━━ Data extract ━━

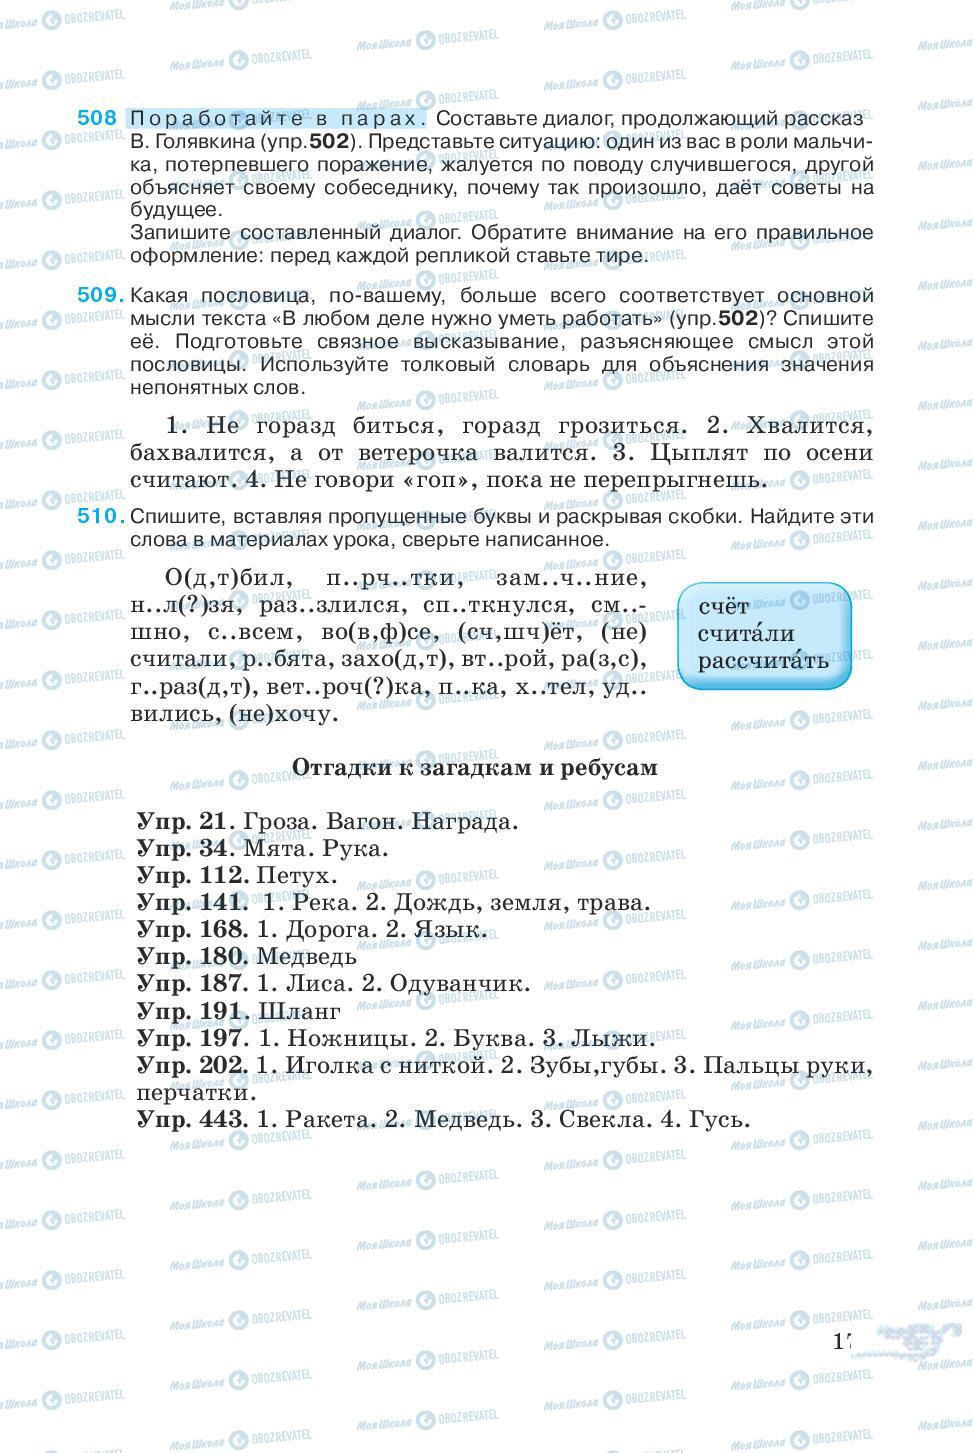 Учебники Русский язык 5 класс страница 171
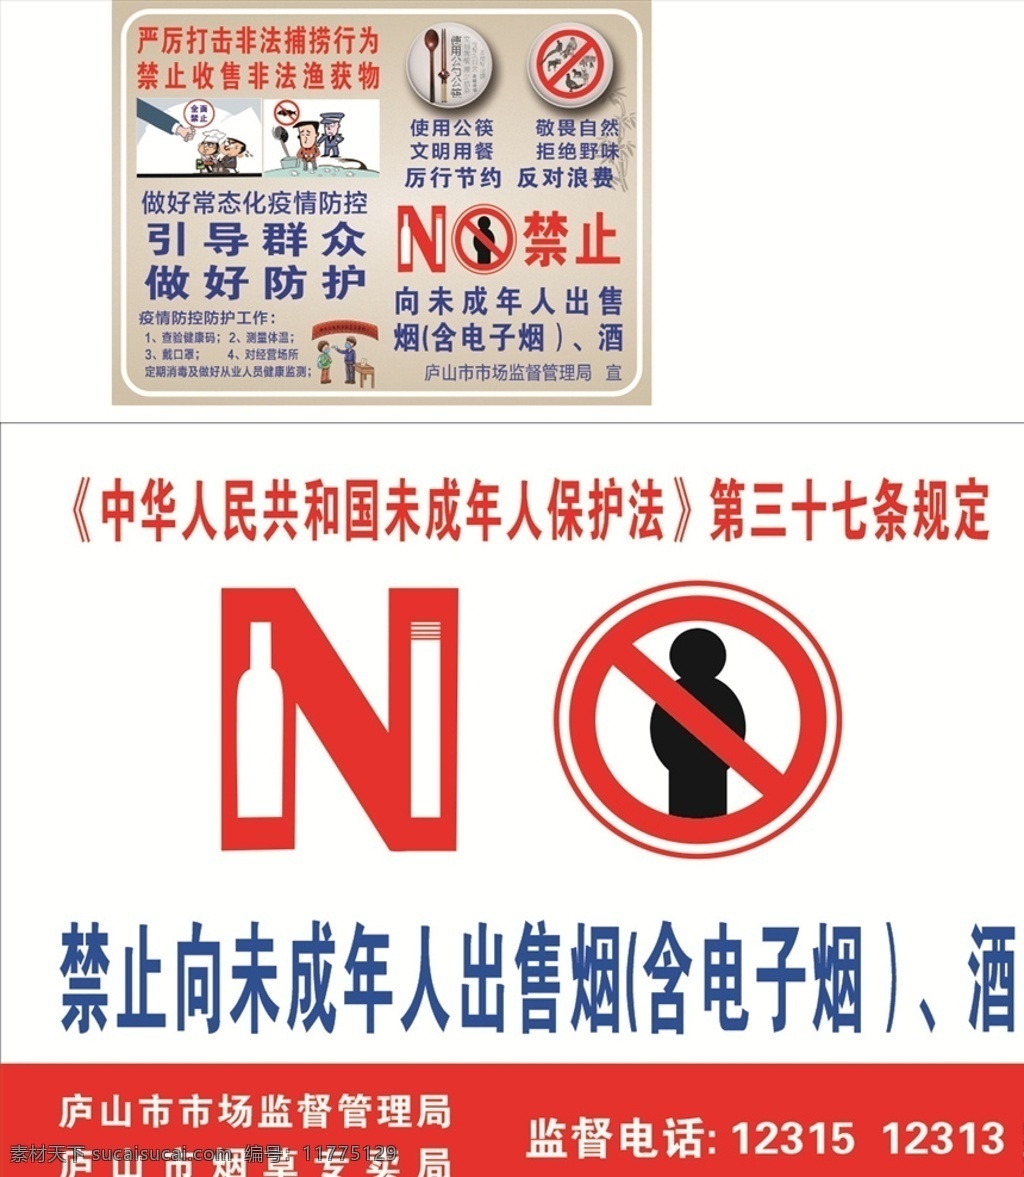 禁烟酒图片 禁烟 禁酒 禁止捕鱼 公筷 禁止浪费
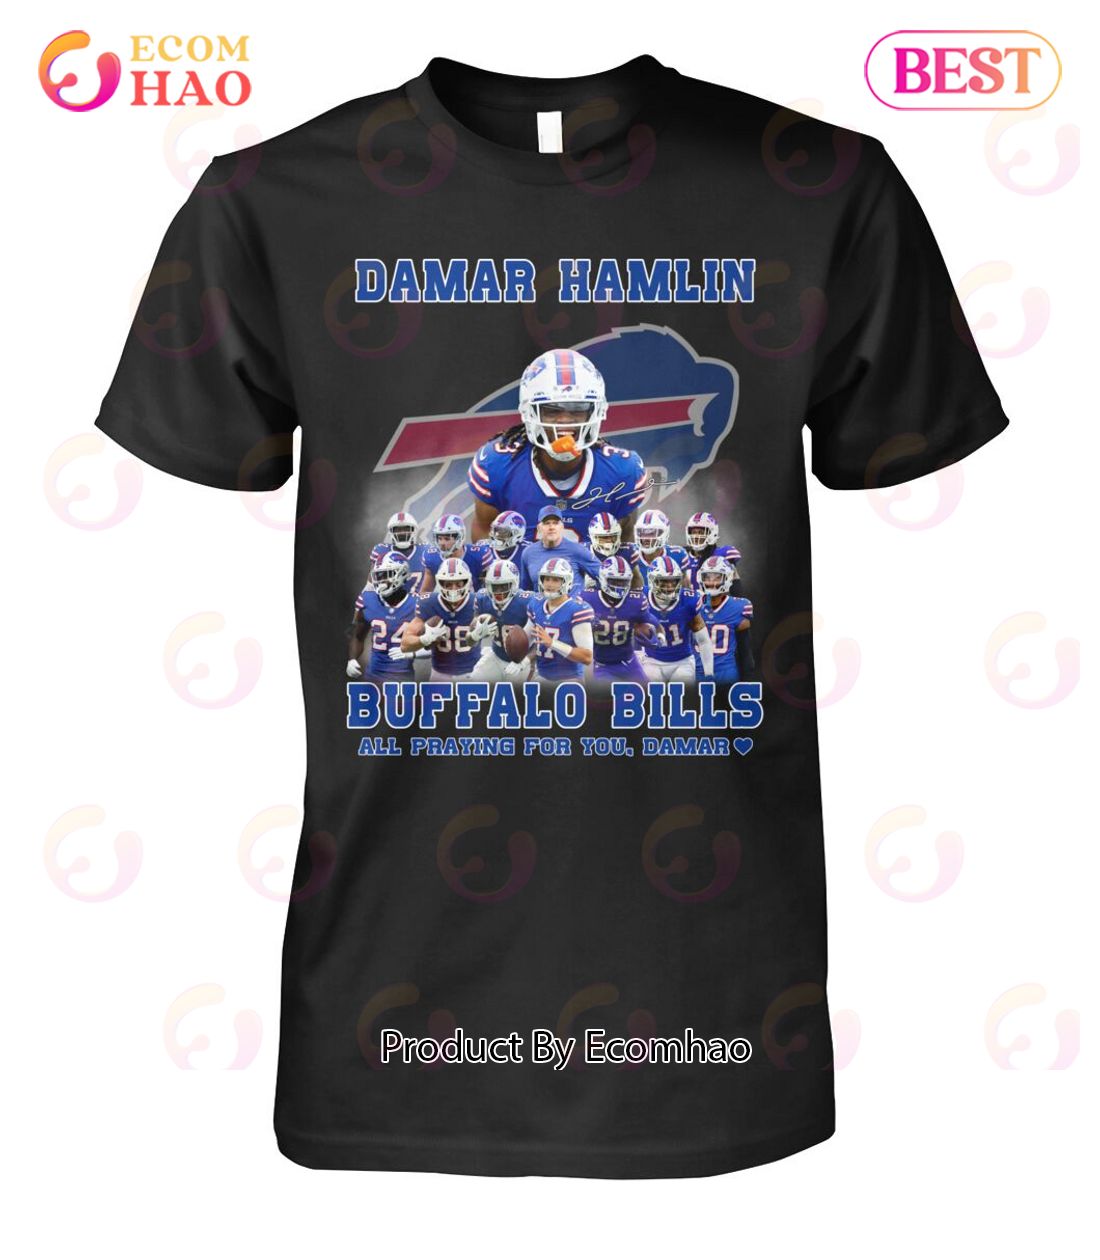 Damar Hamlin Buffalo Bills All Praying For You, Damar T-Shirt

━━━

Exercise prompt >> Every line above should be copied exactly, apart from any pictures.

Result of the exercise >>
 Учебники Русский язык 5 класс страница 171
 禁烟酒图片 禁烟 禁酒 禁止捕鱼 公筷 禁止浪费
 Damar Hamlin Buffalo Bills All Praying For You, Damar T-Shirt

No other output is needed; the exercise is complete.